Is DRM finally going away for real?

Back in 2003, when I started working for AOL, there was a race to launch a digital music store for the Windows platform. The company to beat was Apple, who launched their Windows port of iTunes in October 2003. At that time, AOL was still claiming to have over 24 million subscribers. Clearly, if AOL could push out a digital music store offering as part of their service to that many customers before Apple, it might have made a difference.

But, wait … AOL launched its MusicNet offering as early as February 2003, you say? Beating Apple didn’t make much of a difference, after all, right?

I wasn’t directly involved in any of that work at AOL so I’m just speculating here, but I know a lot of effort went into rights management systems and DRM. I’m willing to bet a lot more effort went into getting all that stuff working than actual work on making the product–the music store–kick ass. I kept complaining that AOL should take advantage of its then-800-pound gorilla nature and spend its budget and manpower to invent and pioneer a business model that was DRM-less, rather than spend all that time trying to satisfy everyone’s wacky demands trying to implement DRM.

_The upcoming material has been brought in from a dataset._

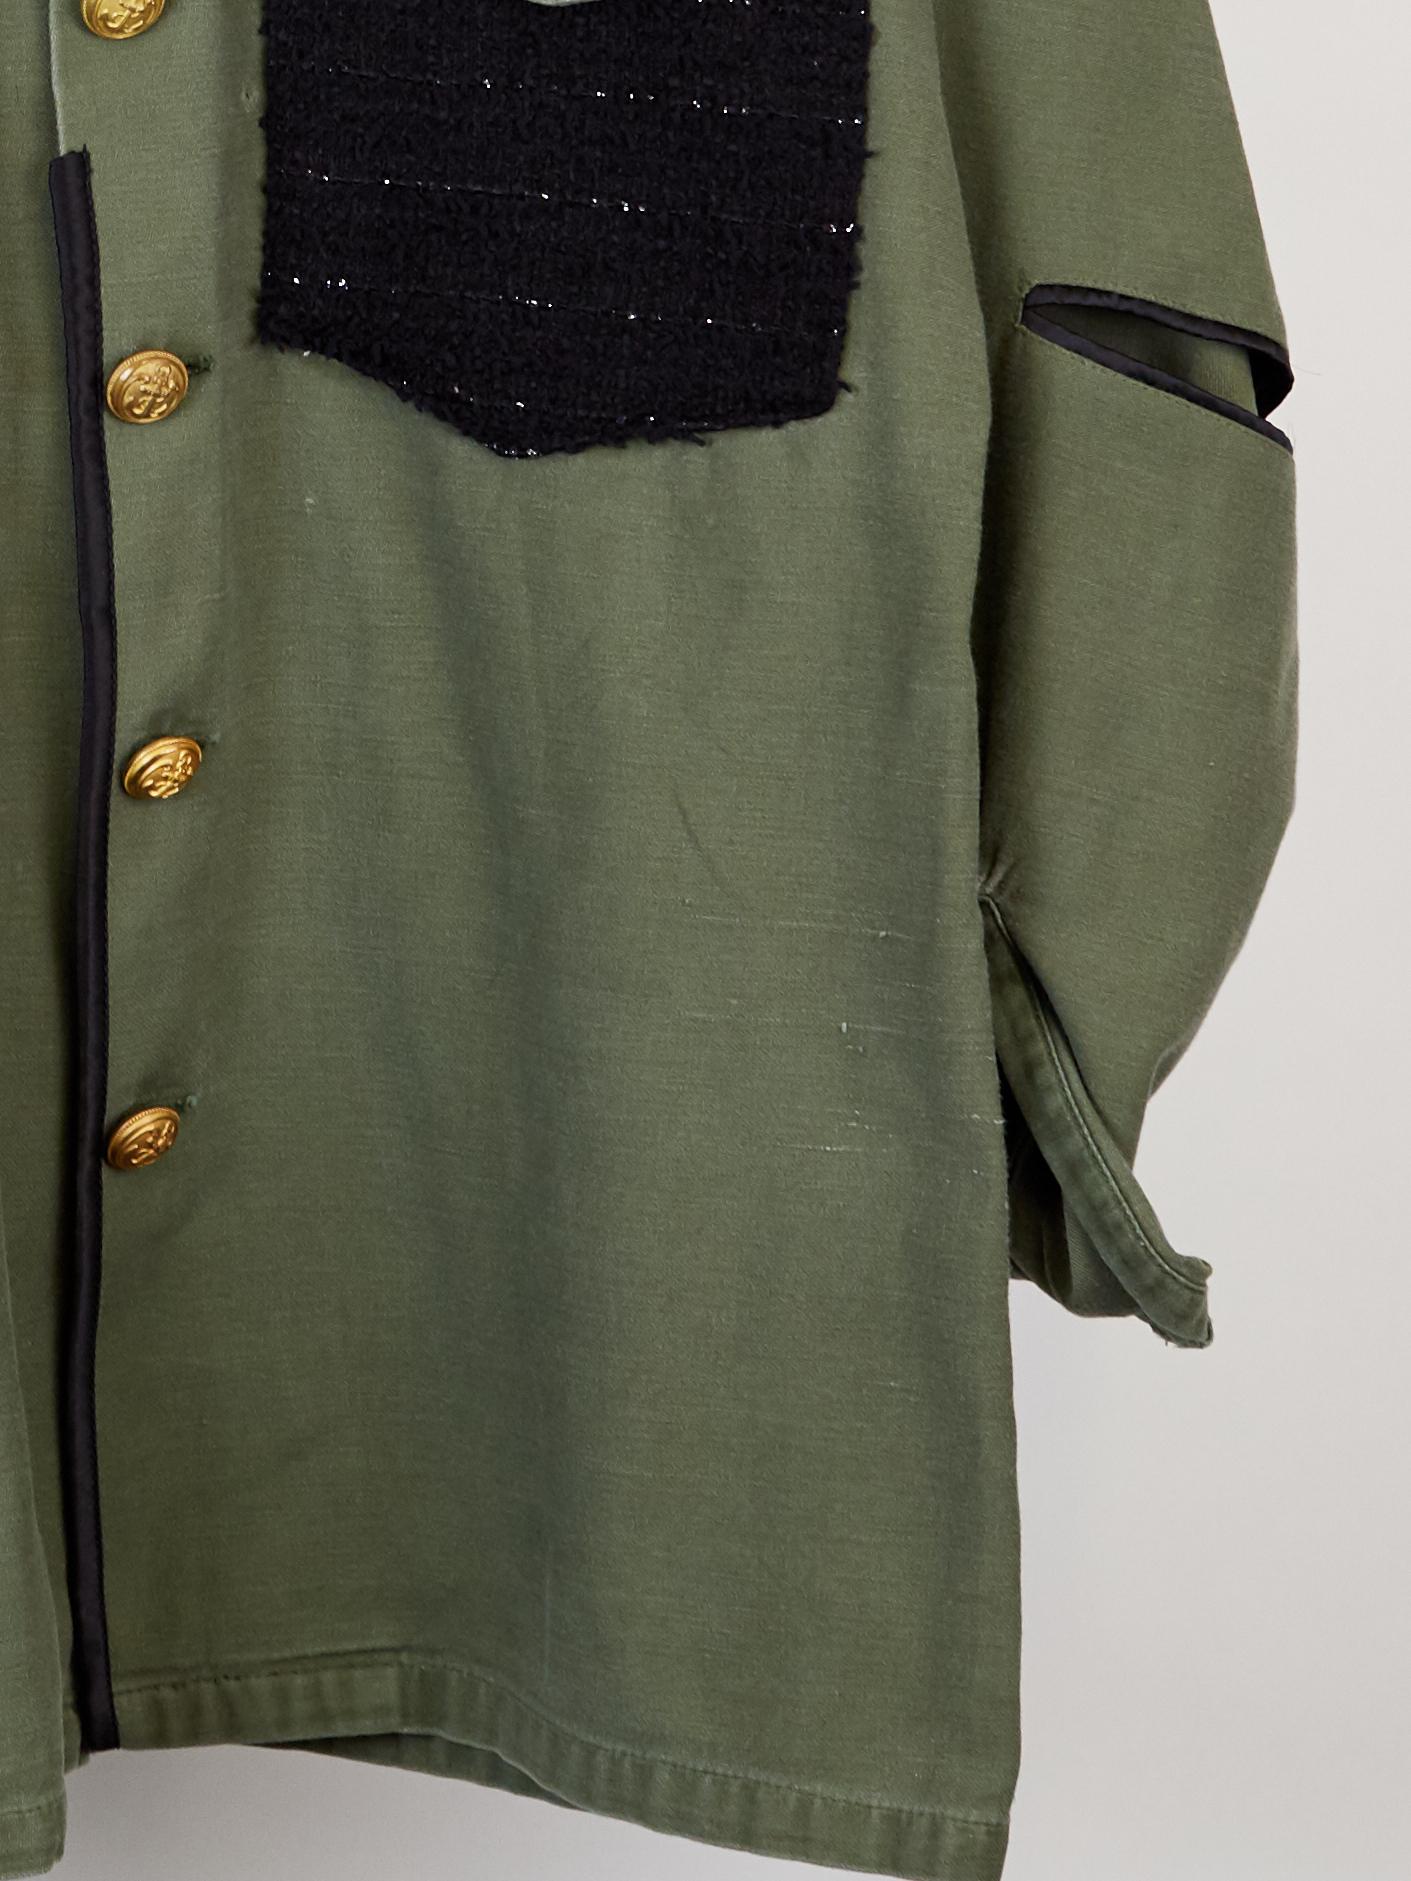 Black Military Green Jacket Tweed Gold Buttons Gold Braid One of a kind J Dauphin

At the time, I kept hearing responses that all boiled down to: it’s not going to happen. I’ve learned that nothing happens unless someone makes it happen and AOL certainly could have been one to make it happen. This reminds me of a quote I love: “People aren’t resistant to change. Matter of fact, people will change just about anything in order to maintain the status quo.”

Fast-forward five years to 2008: Amazon, Walmart and even Apple (through iTunes Plus) are offering completely DRM-free music downloads. Somehow, things are changing from “not going to happen” to “it’s happening” to “it’s happened.” What makes me sad is that instead of rendering itself irrelevant, AOL could have pioneered this.

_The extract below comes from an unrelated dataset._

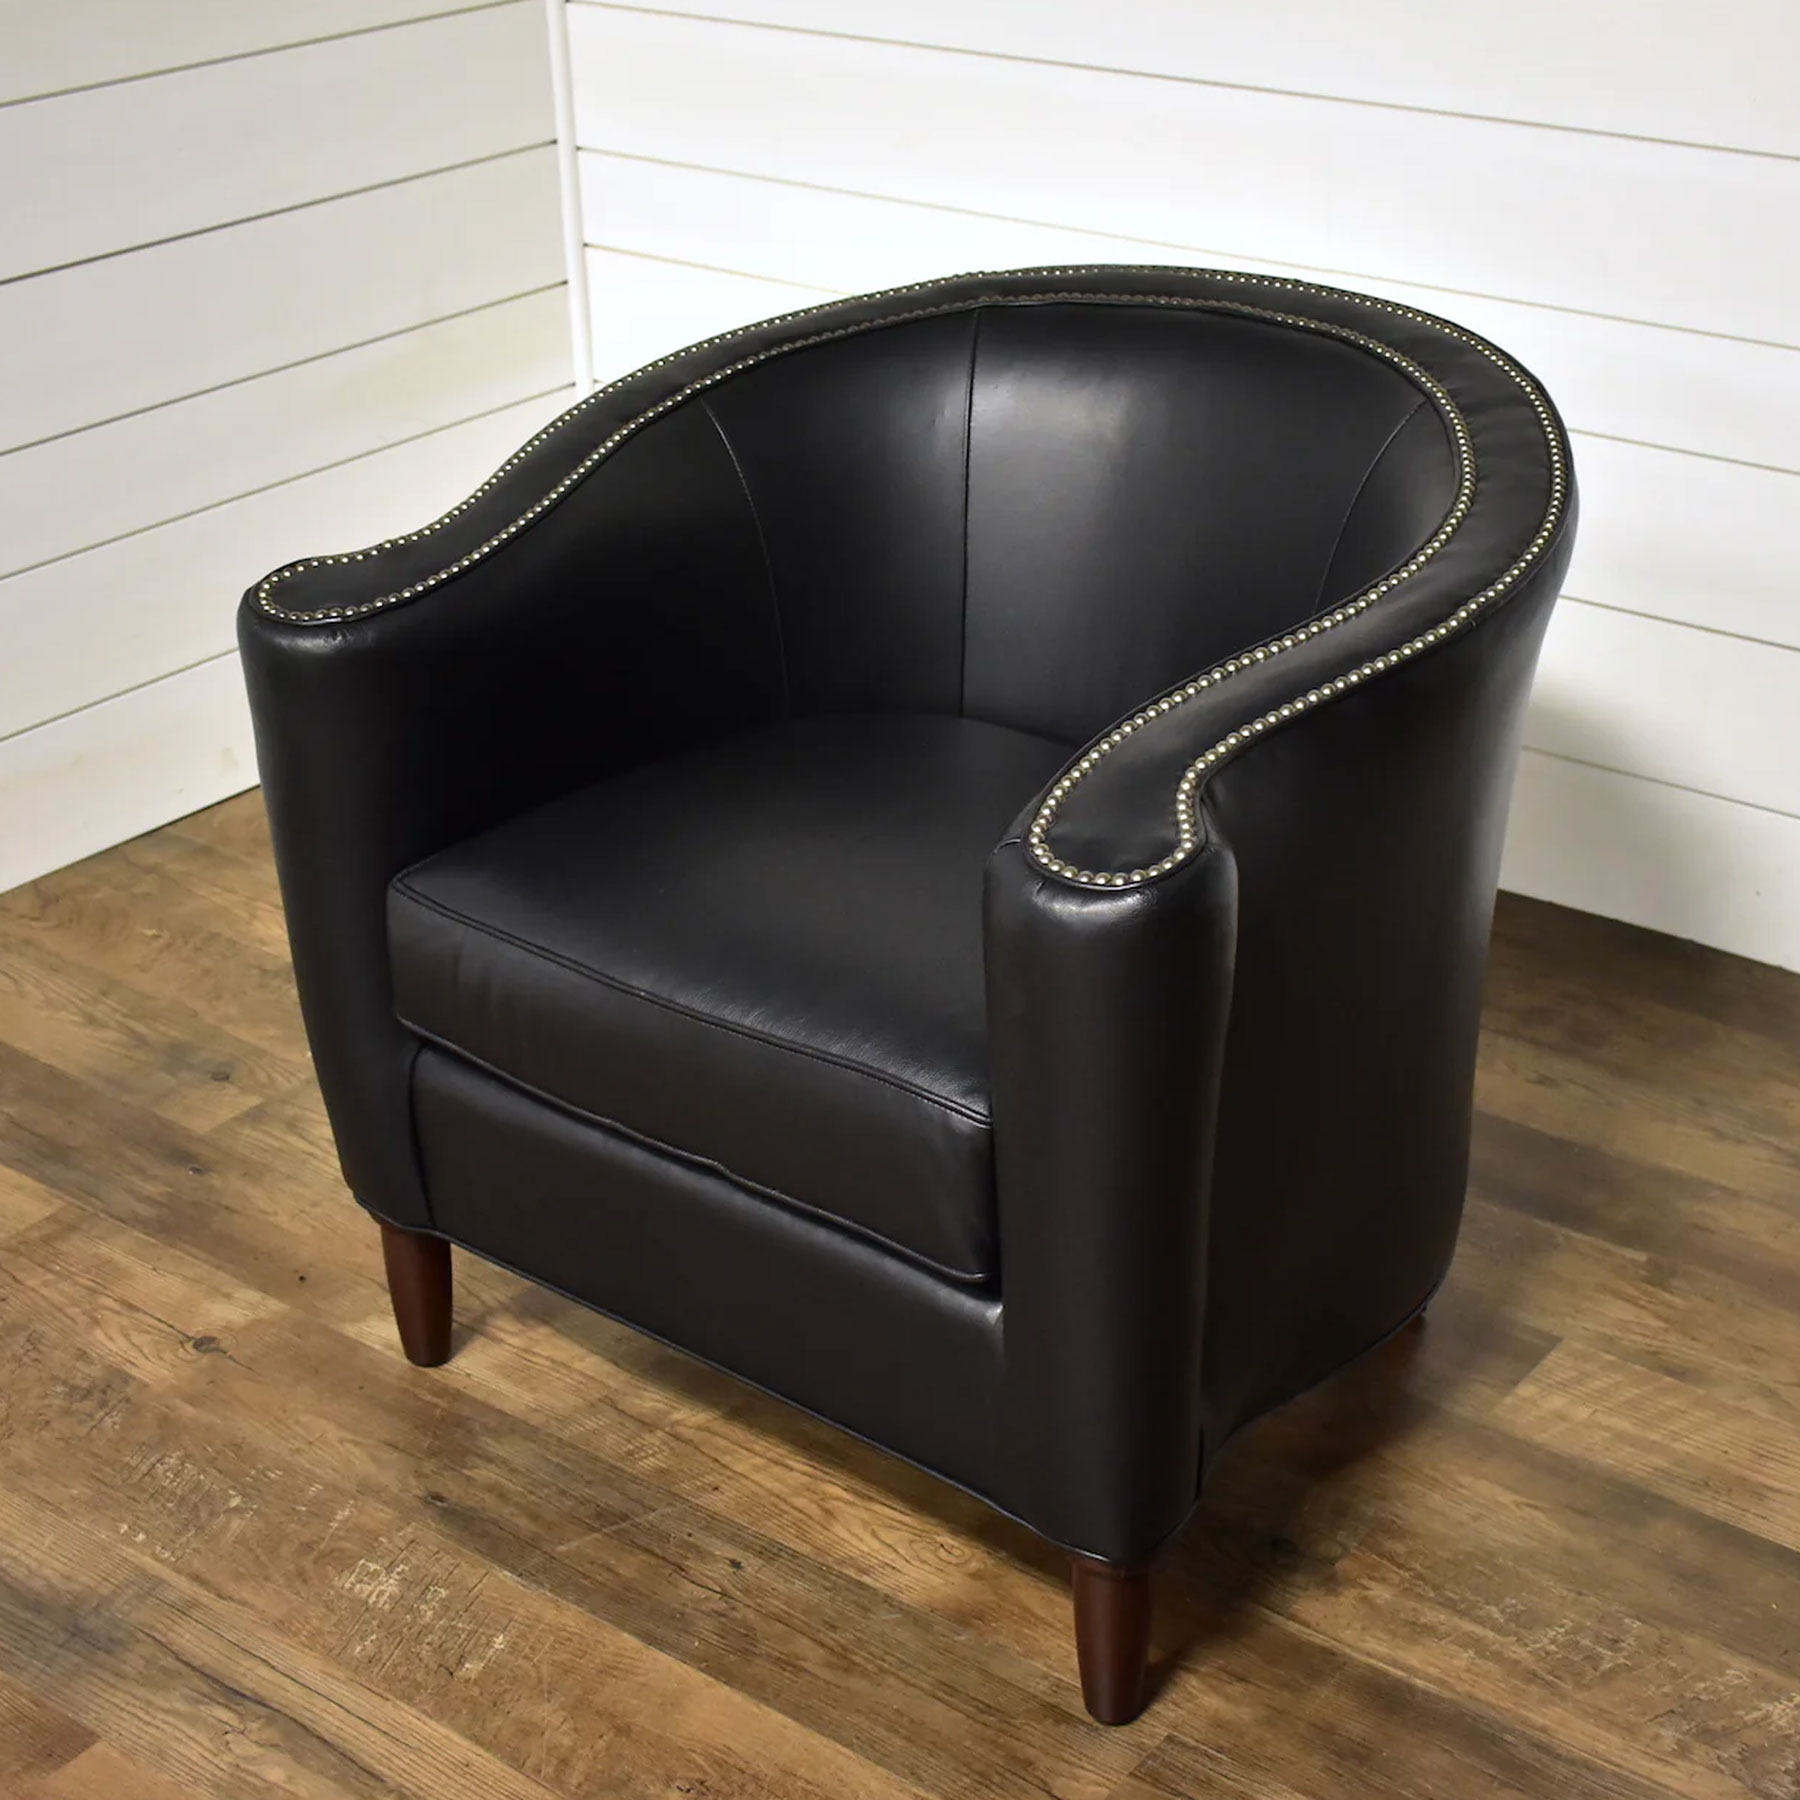 McKinley Leather 233 Delaney Barrel Chair in Mohican Panther Leather

Regardless, I’m happy that we can finally start saying goodbye to DRM for real. Now, companies can start focusing on really innovating where it counts–identifying, funding, producing and distributing quality digital content–instead of on meaningless technology like DRM.

Tags: , , , ,


  1. I totally agree. At the time, I was in the premium service support queue, handling customer concerns revolving around MusicNet. Even when we had our MusicNet account’s comped into an overhead status, I couldn’t help but strongly dislike the experience.

    I eventually found a method to convert my DRMed (RealPlayer encoded/enforced) music into MP3s; but it was a sincere frustration which I would only expect to do if it was completely free. No, it wasn’t, it went for between $10 and $15 monthly.

    Many customers frequently called in and rhetorically ask, “Wait. So I can’t just move this music to my iPod?” We, like competitors, said “No, we don’t do that; you can burn it to a CD however.”

    Oh, and the business model was insane. Charge a subscription and then charge PER SONG burned. Ridiculous. I have no problem monetizing music, just do it in a fair and reasonable way.

    I’m quite thankful AOL failed miserably in the music business. AOL could have done many things, but as you know, there is not an ounce of execution or advocacy for users left. All the best and have brightest have been squeezed out of the sponge.


  2. Joe: Thanks for providing historical detail from your point of view. I’m guessing the experience from all aspects were pretty similar.